It's time to assign the population density value to the quadkey 14 tiles. With the aforementioned nested function we can establish all the tiles in Denmark, and then use the mean of the hexagons inside the tile as an estimate of the true value of the tile. There are 24,109 different quadkeys in Denmark.

In [48]:
from pyquadkey2 import quadkey
den['quadkey'] = den.apply(lambda x: str(quadkey.from_geo(h3.h3_to_geo(x['h3']), 14)), axis = 1)
den = den.groupby('quadkey', as_index = False).pop_dens.mean()
len(den)

24109

In [35]:
iso2_to3 = {'AT': 'aut', 'BE': 'bel', 'BI': 'bdi', 'CH': 'che', 'CM': 'cmr', 'CZ': 'cze', 'DE': 'deu', 'DK': 'den',
            'ES': 'esp', 'FI': 'fin', 'FR': 'fra', 'GR': 'grc', 'IN': 'ind', 'IT': 'ita', 'MM': 'mmr', 'NL': 'nld',
            'PK': 'pak', 'PT': 'prt', 'SE': 'swe', 'SZ': 'swz'}

We can now iterate over all the other countries.

In [42]:
cart = 'C:\\Users\\Luca\\Downloads\\temp'
sav = "C:\\Users\\Luca\\Downloads\\RWI\\pop_dens"

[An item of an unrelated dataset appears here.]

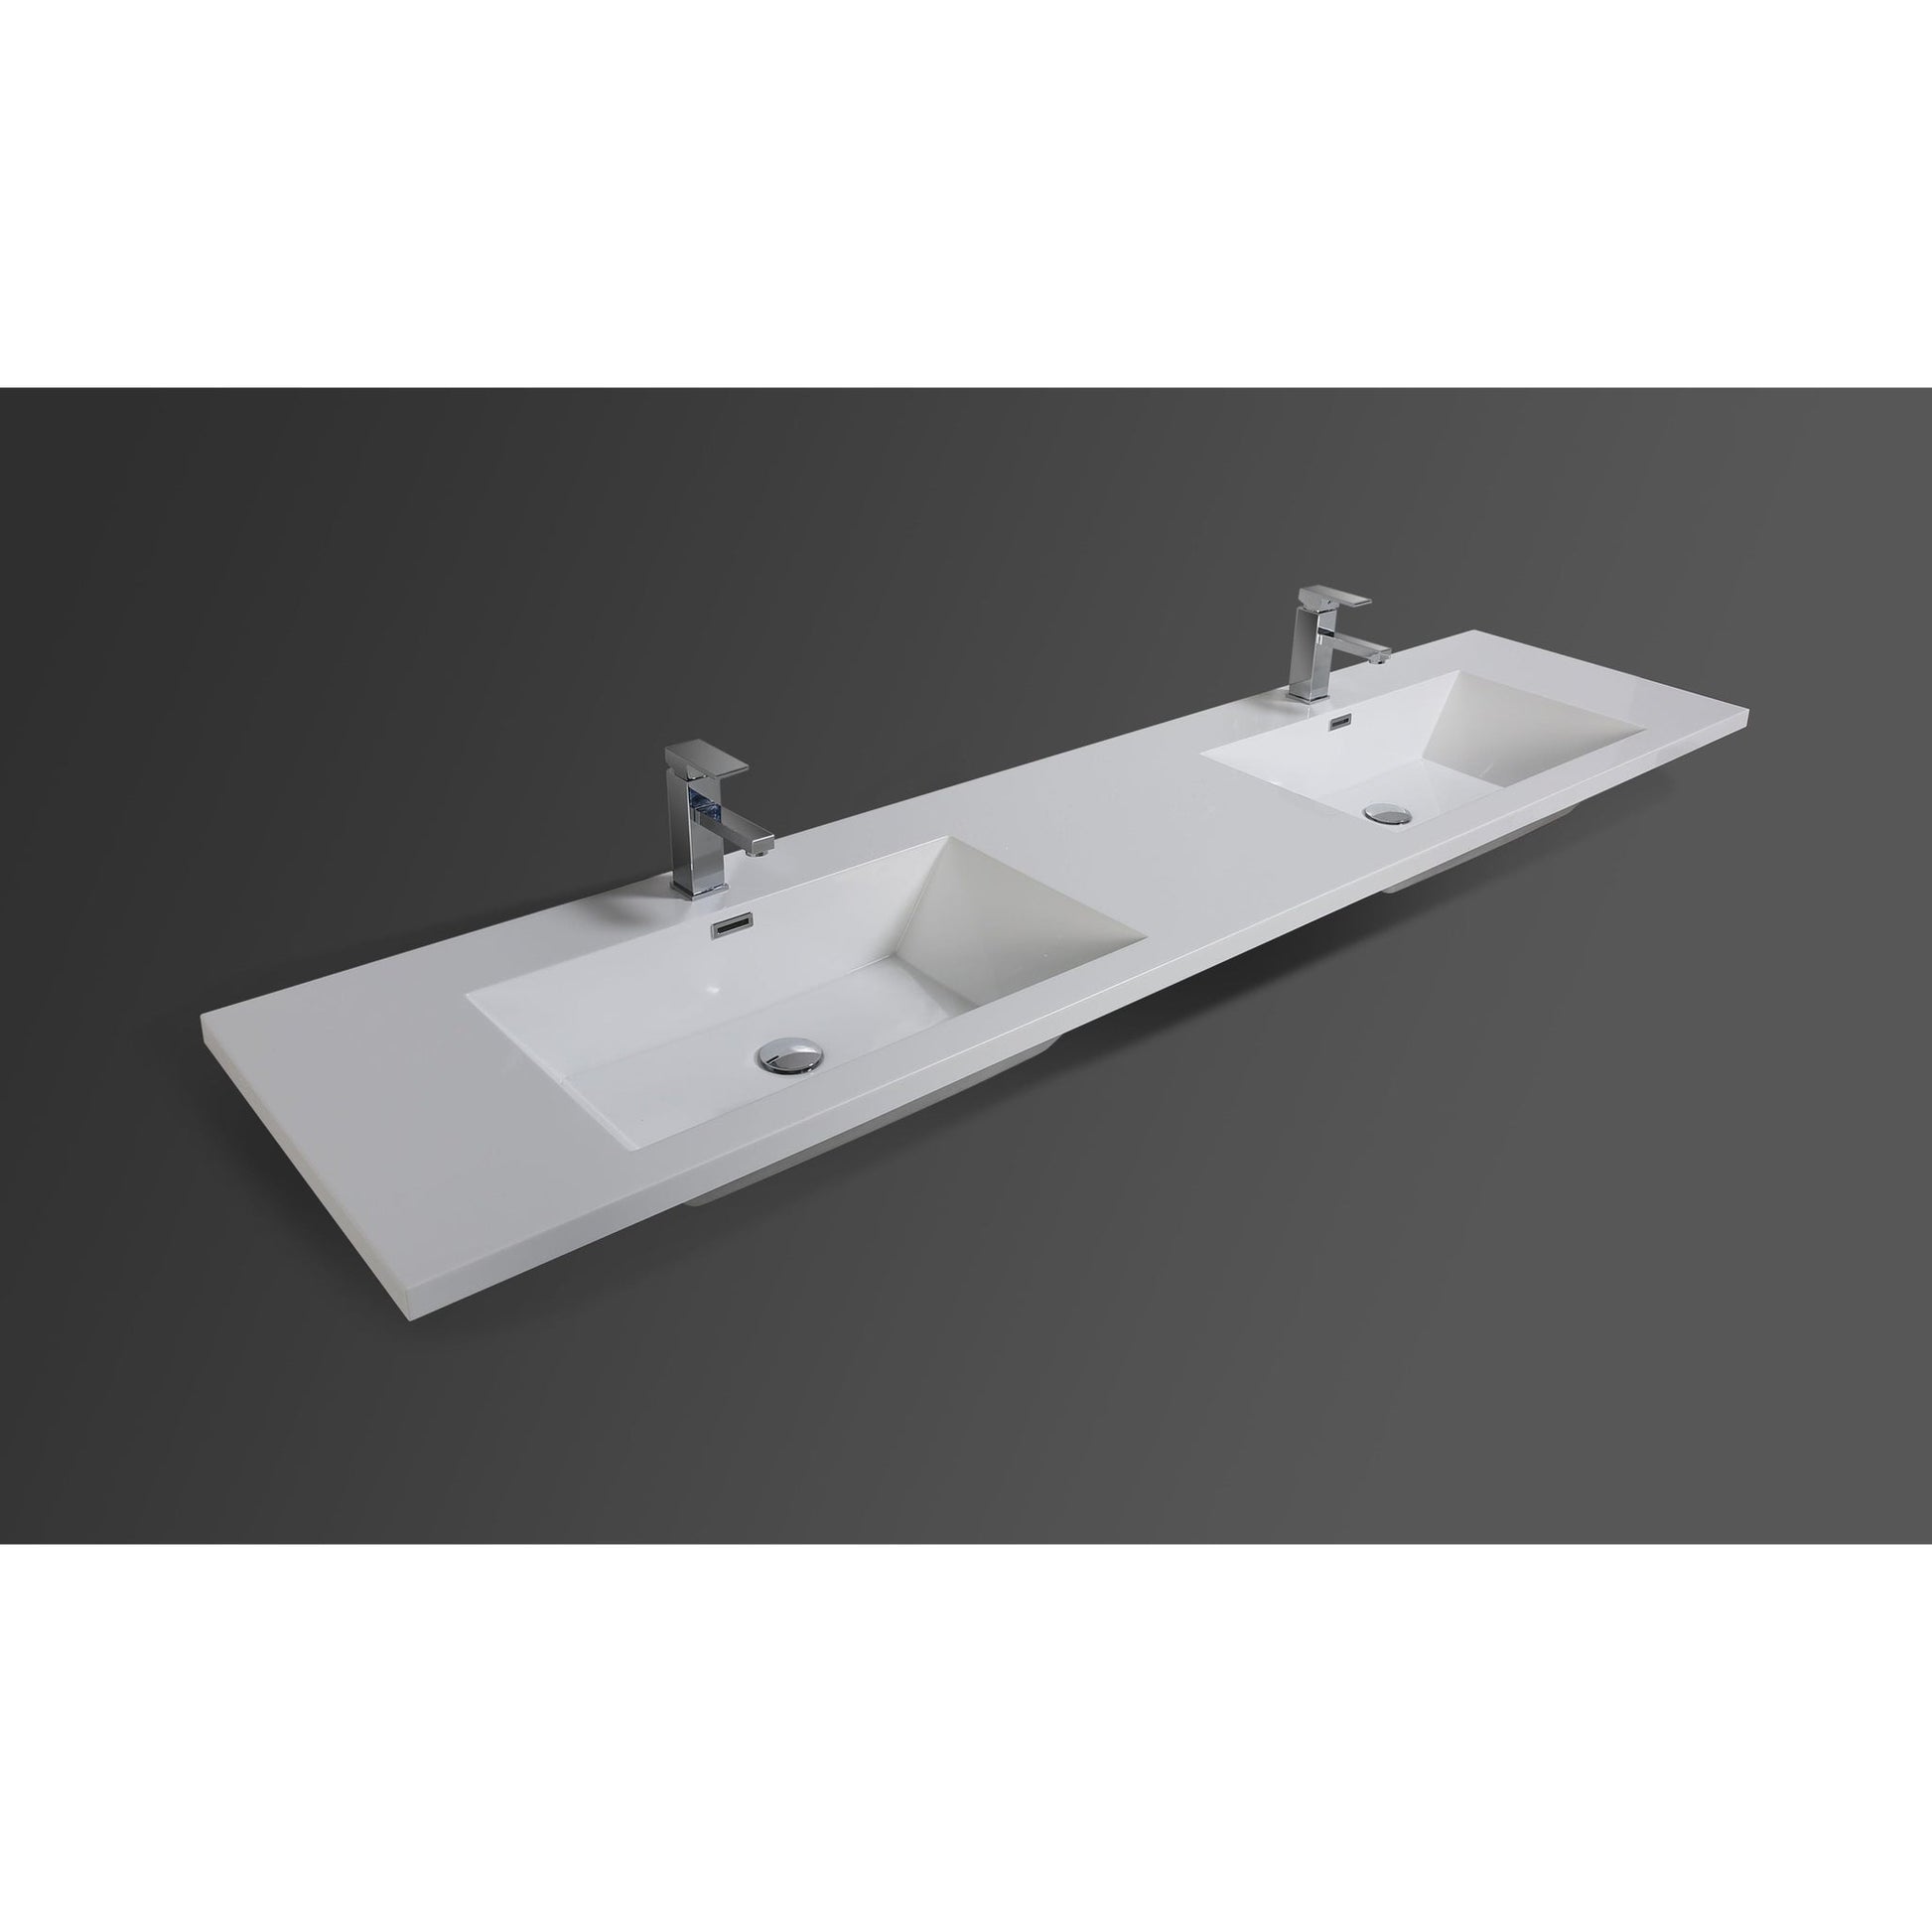 Moreno Bath Dolce 84" High Gloss White Freestanding Vanity With Double Reinforced White Acrylic Sinks

for file in os.listdir(cart):
    country = iso2_to3[file[-16:-14]]

    df = gpd.read_file(f'{cart}\\{file}')
    print(df.shape)
    df['area'] = df.apply(lambda x: h3.cell_area(x['h3'], unit='km^2'), axis = 1)
    df['pop_dens'] = df.apply(lambda x: x['population'] / x['area'], axis = 1)

    print(f'{country}: {df.pop_dens.min(), df.pop_dens.mean(), df.pop_dens.max()}')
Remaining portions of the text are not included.